Still current in linguistics are such fictions as the “listener” and “understander” (partners of the “speaker”), the “unified speech flow,” and so on.… One cannot say that these diagrams are false… But when they are put forth as the actual whole of speech communication, they become a scientific fiction. (Bakhtin 1232)

What he is criticizing here is any approach to linguistics that treats a subject who is involved in speech communication, that is, a subject who is either saying or hearing utterances, as anything other than a speaker. The categories “listener” and “understander” may, in his view, be subcategories of “speaker”, but if they are not recognized as subcategories, subcategories that imply they are always subsumed by the larger category “speaker” (that is, the larger category: the one who is giving utterance), then the categories “listener” and “understander” “become scientific fiction”, or in other words falsehoods that are technically and repeatedly motivated. And so, by treating utterances as responses (that is, responses to preceding utterances, which is, responses to responses) he eschews any sense of isolation in speech communication; he eschews the sense of detachment-from-dialog that the notion of any mere utterance (a mere utterance, maybe, that has listeners and even understanders, but no responders)[4] may conjure. Such mere utterances, on Bakhtin’s view, per his definition of utterance, are impossible. Instead, he makes utterances pivot points of dialog by infusing them with the connectivity inherent in responses. This is a sort of strengthening of the notion of utterances, strengthening in the sense that it gives them broad reach and power as analytic tools of theories of communication.

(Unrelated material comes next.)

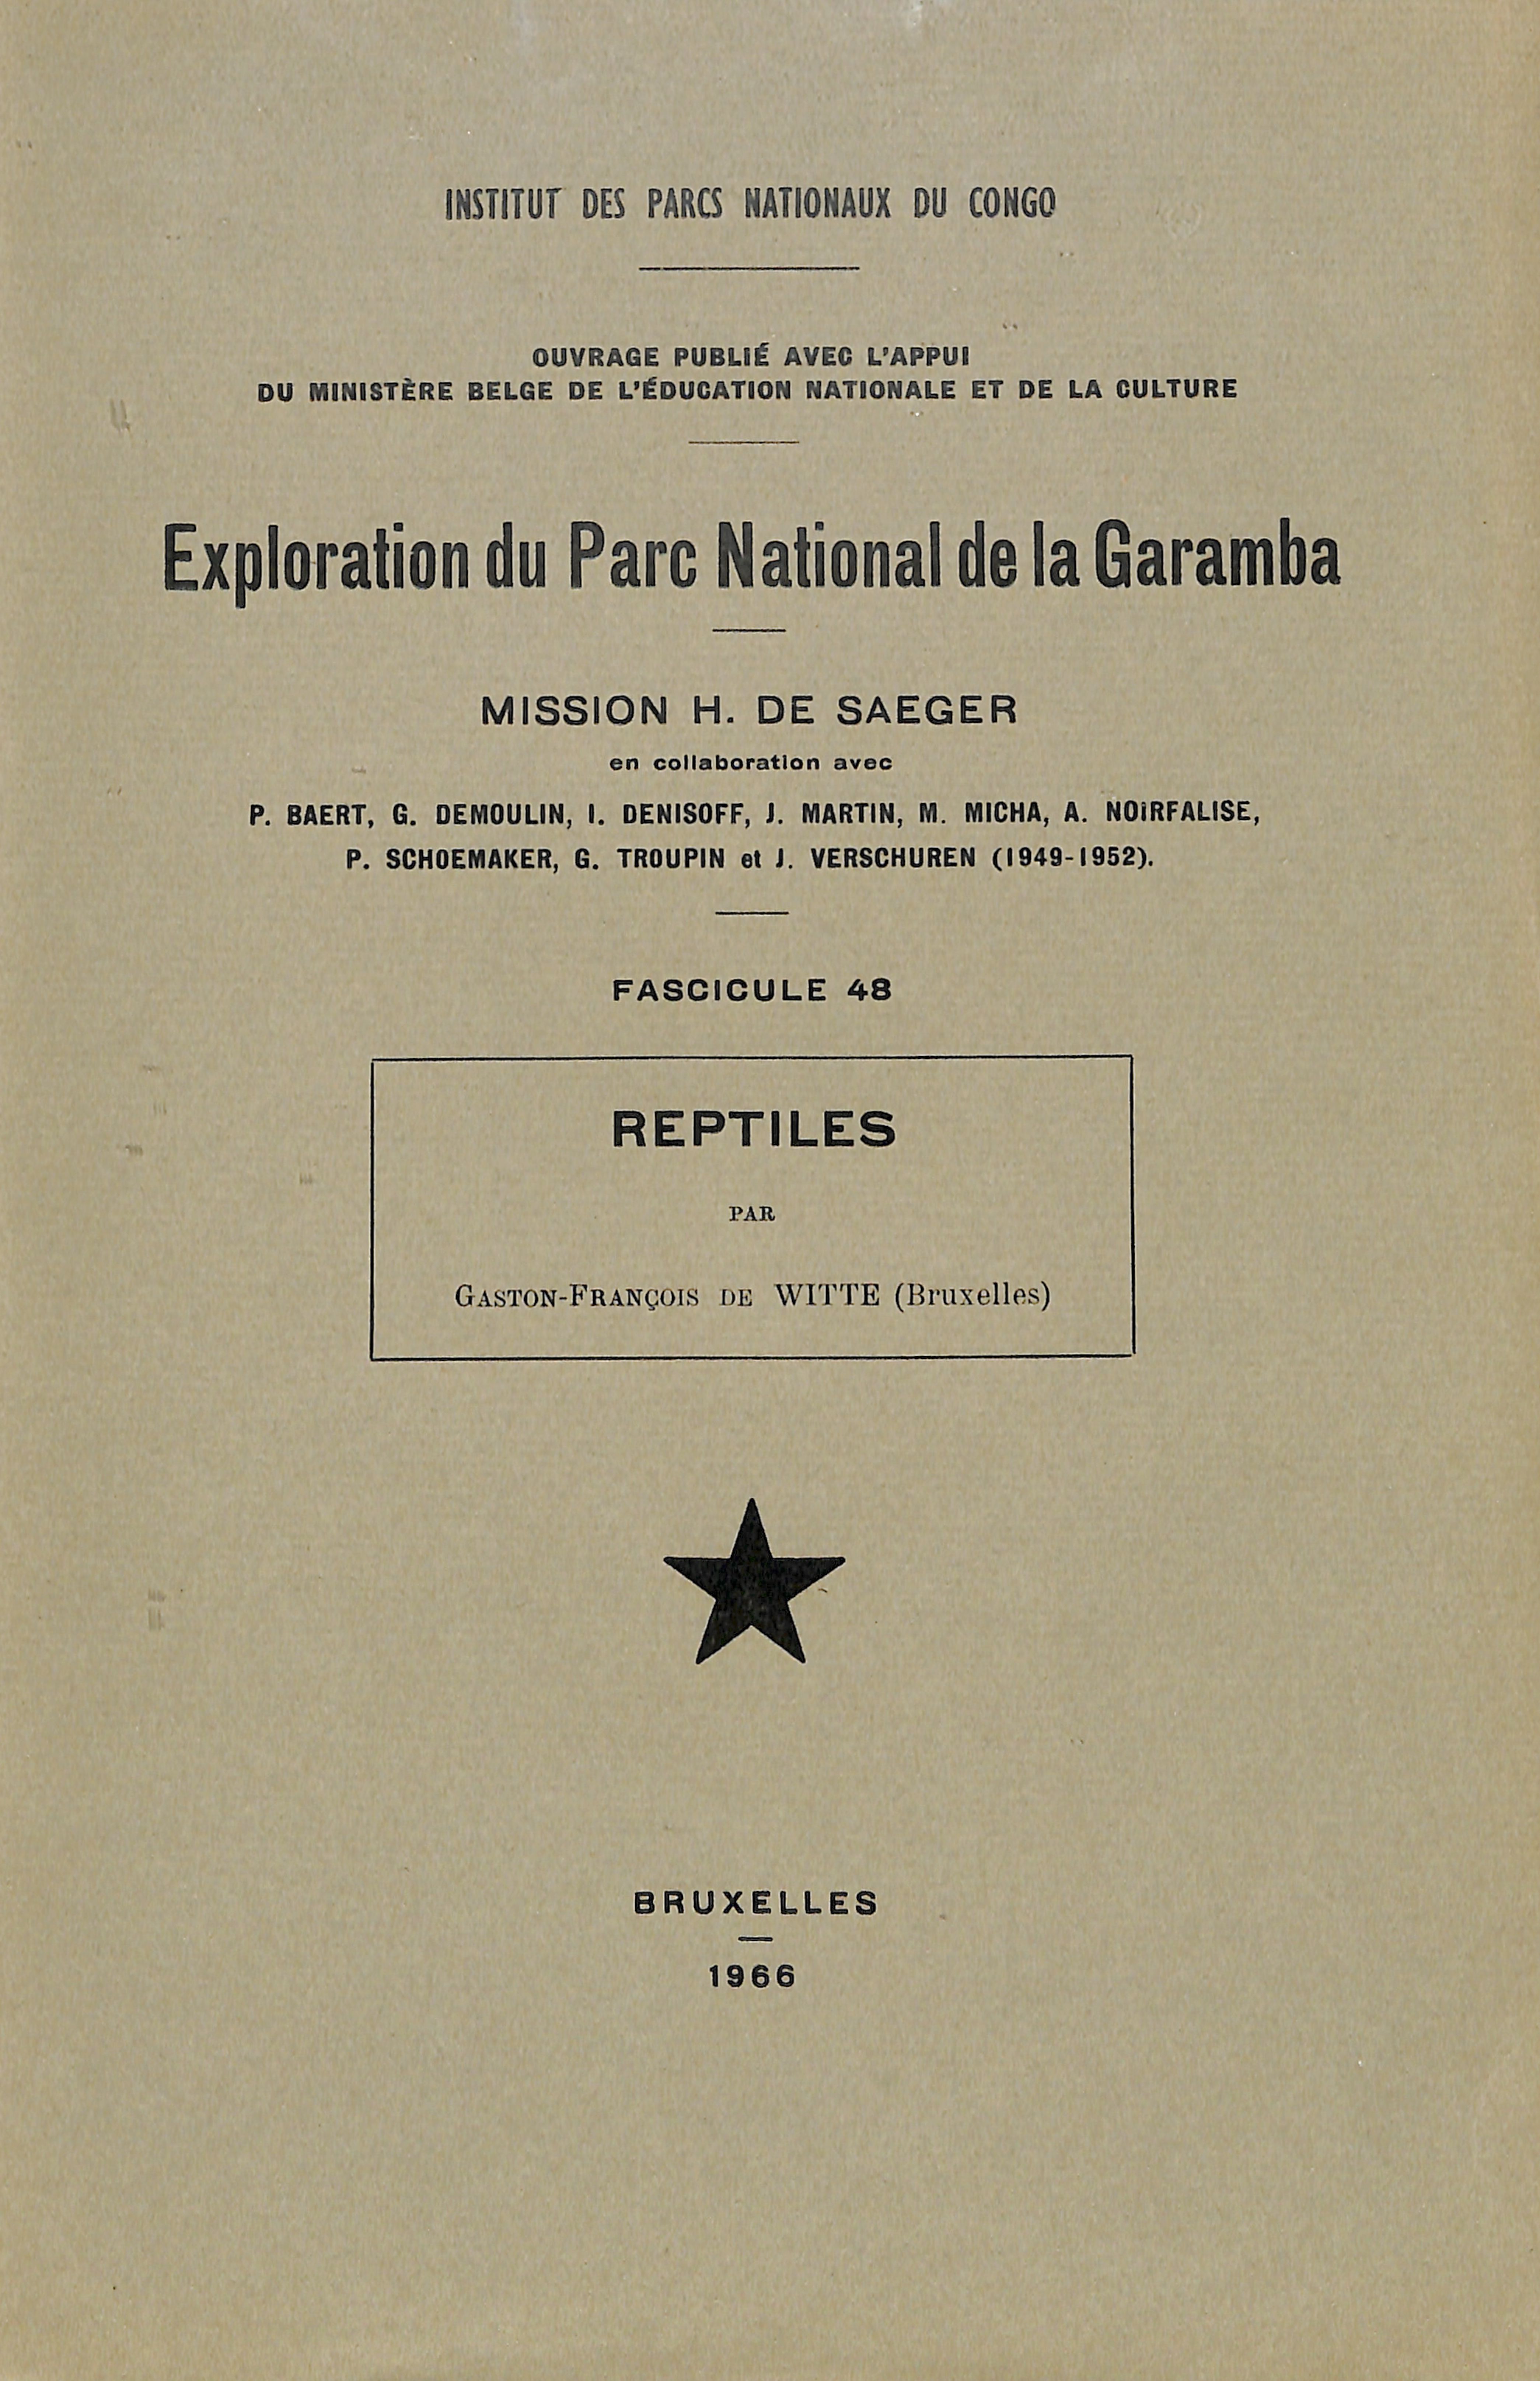 Garamba 1966-48.jpg

Bakhtin’s conflation strengthens responses too. Utterances have empirical values, since they have a basic existence in material reality (as strings of sounds). In contrast, the ontology of responses tends toward abstraction. It is necessary here to quote at length from Hegel’s introduction to The Science of Logic. In its own context, the quote below is about the dialectical nature of thought. However, what seems clear to me is that the quote is also about talking to oneself, that is, the quote is about responding to oneself and responding to those responses and so on. As such, the quote is a fine example of the quick tumble into abstraction that an analysis of responses can do if responses are not tied to something with at least the auditory concreteness of utterances. Hegel writes:

The mind or spirit, when it is sentient or perceptive, finds its object in something sensuous; when it imagines, in a picture or image; when it wills, in an aim or end. But in contrast to, or it may be only in distinction from, these forms of its existence and of its objects, the mind has also to gratify the craving of its highest and most inward life. That innermost self is thought. Thus the mind renders thought its object. In the best meaning of the phrase, it comes to itself; for thought is its principle, and its very unadulterated self. But while thus occupied, thought entangles itself in contradictions, i.e. loses itself in the hard-and-fast non-identity of its thoughts, and so, instead of reaching itself, is caught and held in its counterpart. This result, to which honest but narrow thinking leads the mere understanding, is resisted by the loftier craving of which we have spoken. That craving expresses the perseverance of thought, which continues true to itself, even in this conscious loss of its native rest and independence, ‘that it may overcome’ and work out in itself the solution of its own contradictions. (Hegel 15)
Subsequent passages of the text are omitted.